Would love to have gone, but couldn't afford the airfare from the UK, sorry  

ochronosis


----------



## bert model maker (Feb 19, 2002)

ochronosis said:


> Hi Model Maker,
> 
> Would love to have gone, but couldn't afford the airfare from the UK, sorry
> 
> ochronosis


 I live in Nevada and can't afford the trip either, BUT, one of these days i will !


----------



## JGG1701 (Nov 9, 2004)

John P said:


> Really? Finally? WOOHOO!


That's what I heard anyway.


----------



## dgtrekker (Jul 23, 2001)

model maker said:


> I live in Nevada and can't afford the trip either, BUT, one of these days i will !


I live in AZ thats why I was so ticked when they stopped having the Vegas show!!!


----------



## bert model maker (Feb 19, 2002)

that would make it nice for the west coast modelers.


----------



## Griffworks (Jun 24, 2002)

dgtrekker said:


> I live in AZ thats why I was so ticked when they stopped having the Vegas show!!!


What "Vegas show" are you on about?
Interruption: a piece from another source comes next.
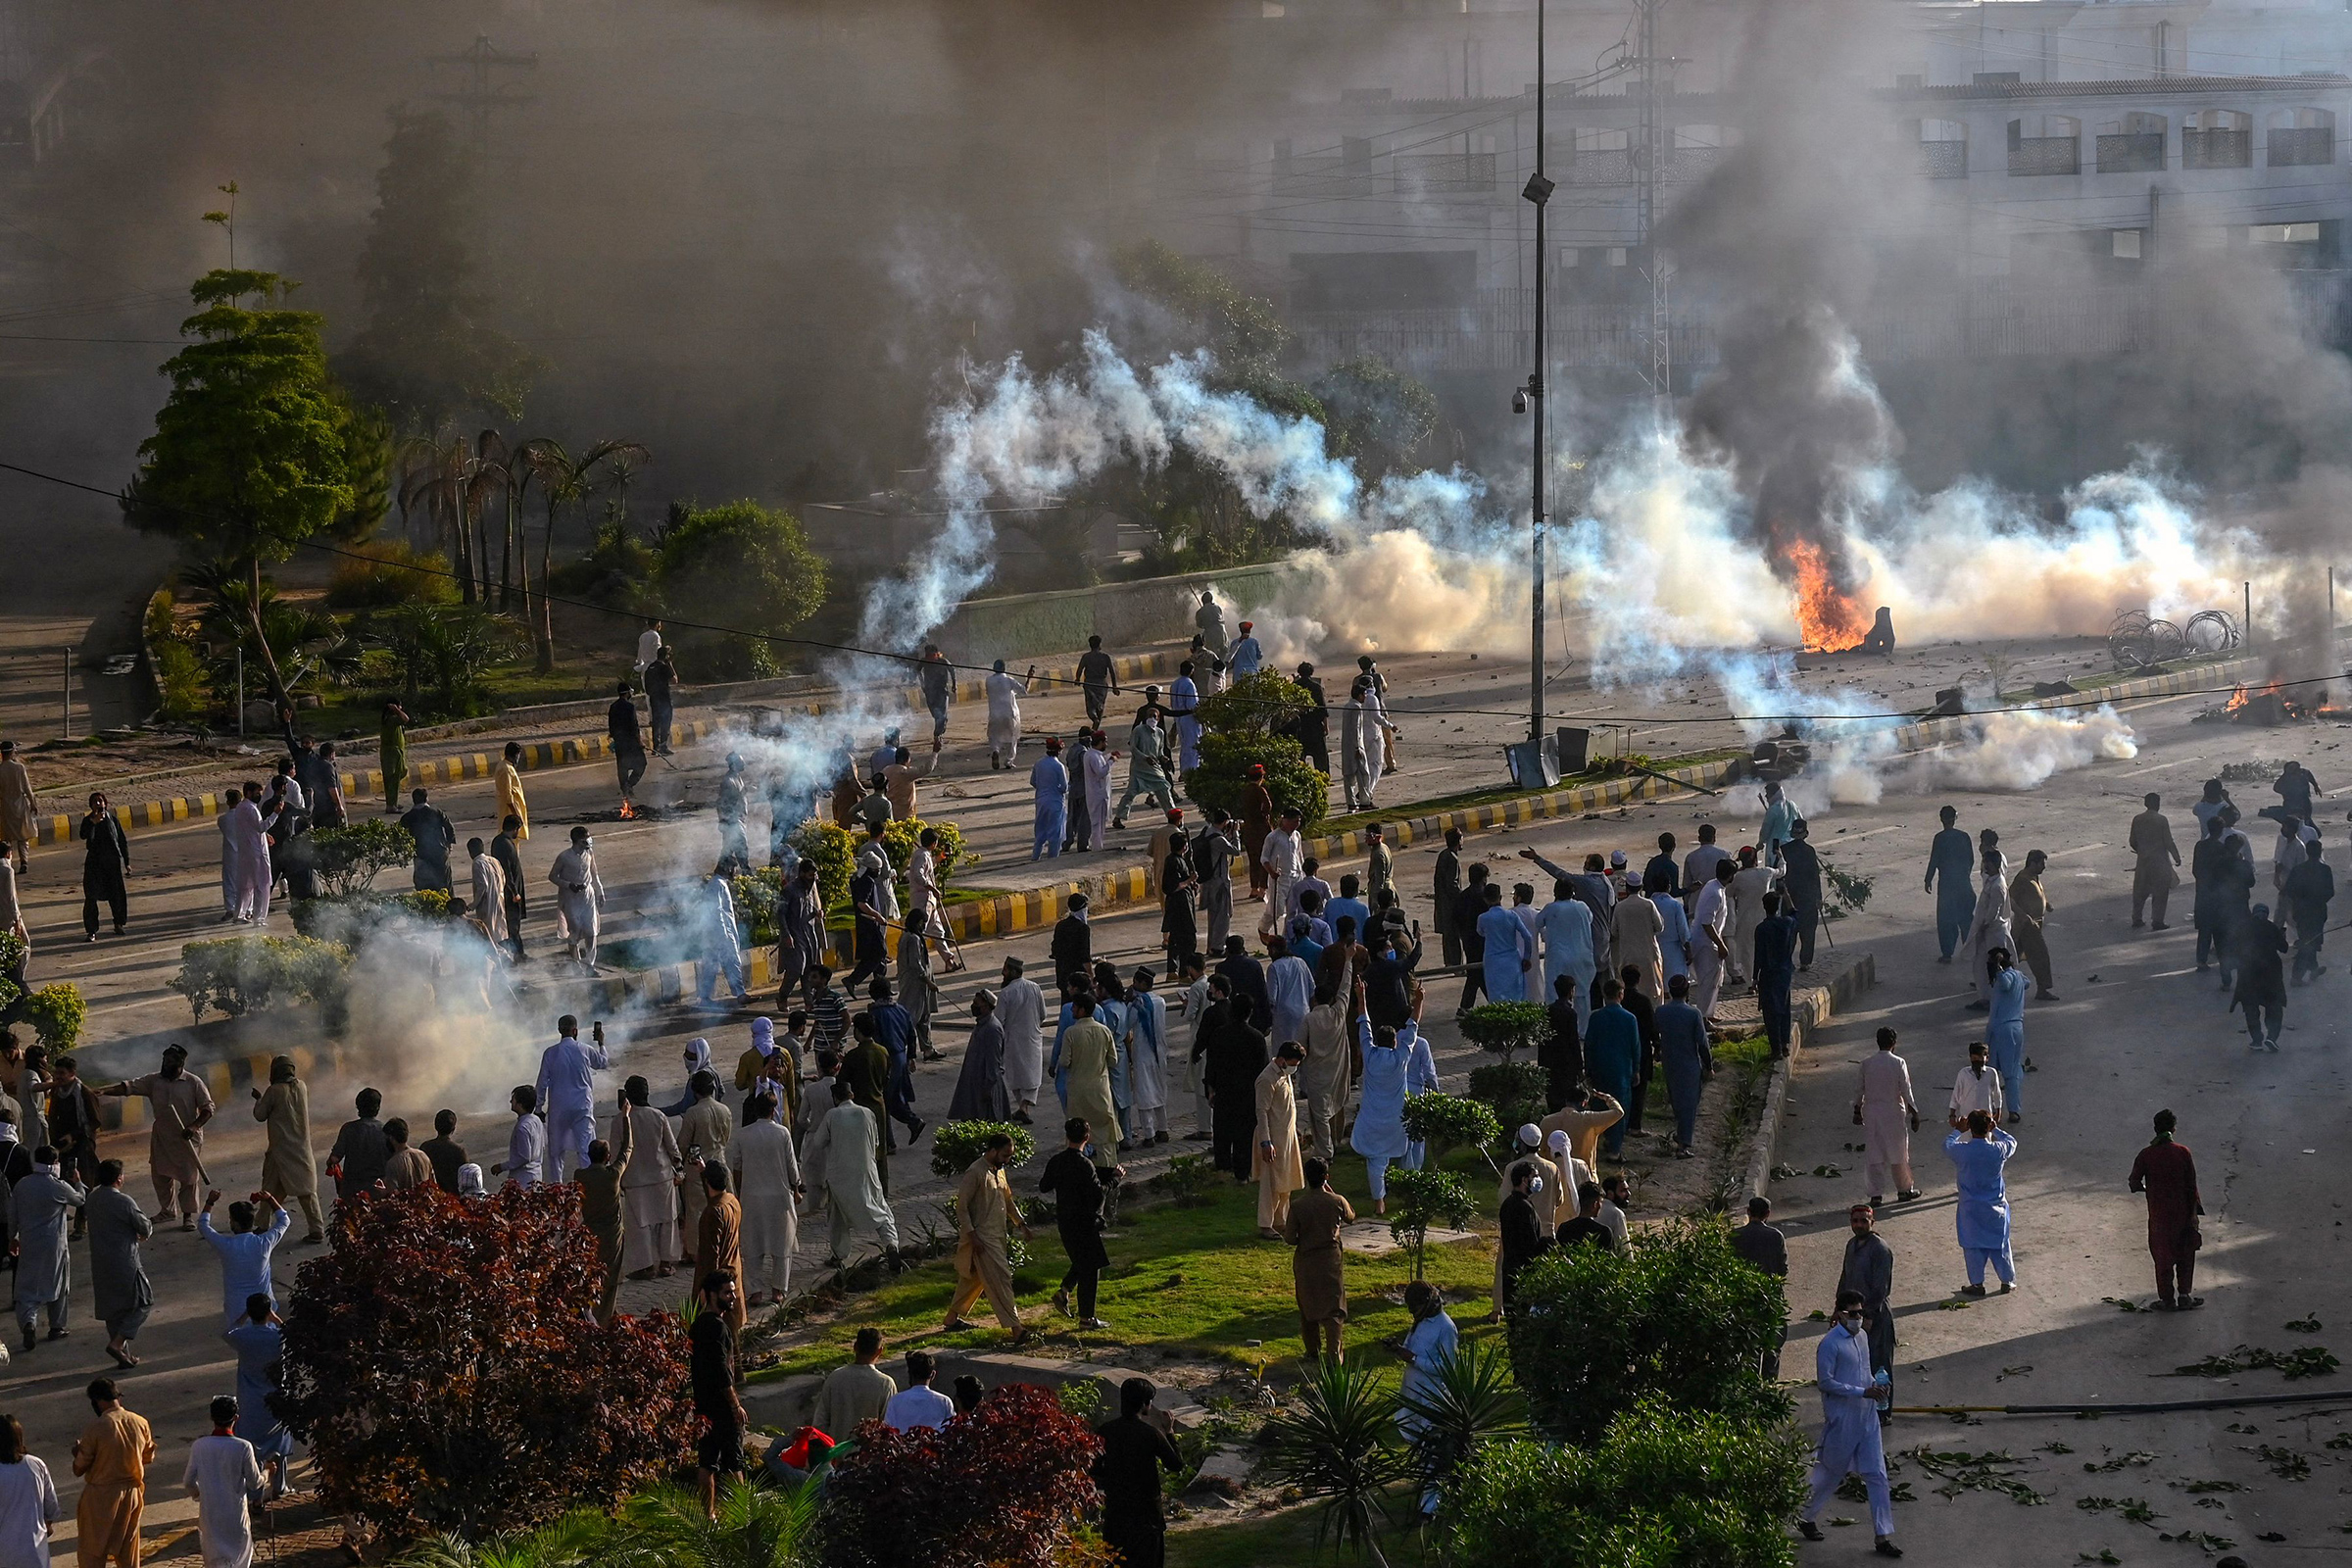 Police fire teargas shell towards PTI party activists and supporters of former Pakistan's Prime Minister Imran Khan during a protest against the arrest of their leader in Peshawar on May 9.

To my knowledge, WonderFest has always been in Louisville, KY. Is there some other show called WonderFest that has taken place in Las Vegas?


----------



## MonsterModelMan (Dec 20, 2000)

I went once to WF in 2003 and justified it by helping a friend move from Alabama back to NJ. Flew from NJ to KY...did the WF thing and LOVED IT!!! 

Saw Ray Harryhausen and got my picture taken with him and got his autograph written on my 7th Voyage of Sinbad DVD.

Spent the night at the WF hotel...Flew out the next day on my next flight to AL and then drove back up to NJ with my buddy...car loaded with his belongings and my WF stash! 

Cost me about 1 RoundTrip airfare anyway but made it work to my advantage and helped a friend in need as well. I couldn't have come up with a better plan if I tried to again!

Haven't had a good enough excuse to spend that much money just to go to a show...that is why Chiller is my only option near me!


----------



## TAY666 (Jan 8, 2000)

Griffworks said:


> What "Vegas show" are you on about? To my knowledge, WonderFest has always been in Louisville, KY. Is there some other show called WonderFest that has taken place in Las Vegas?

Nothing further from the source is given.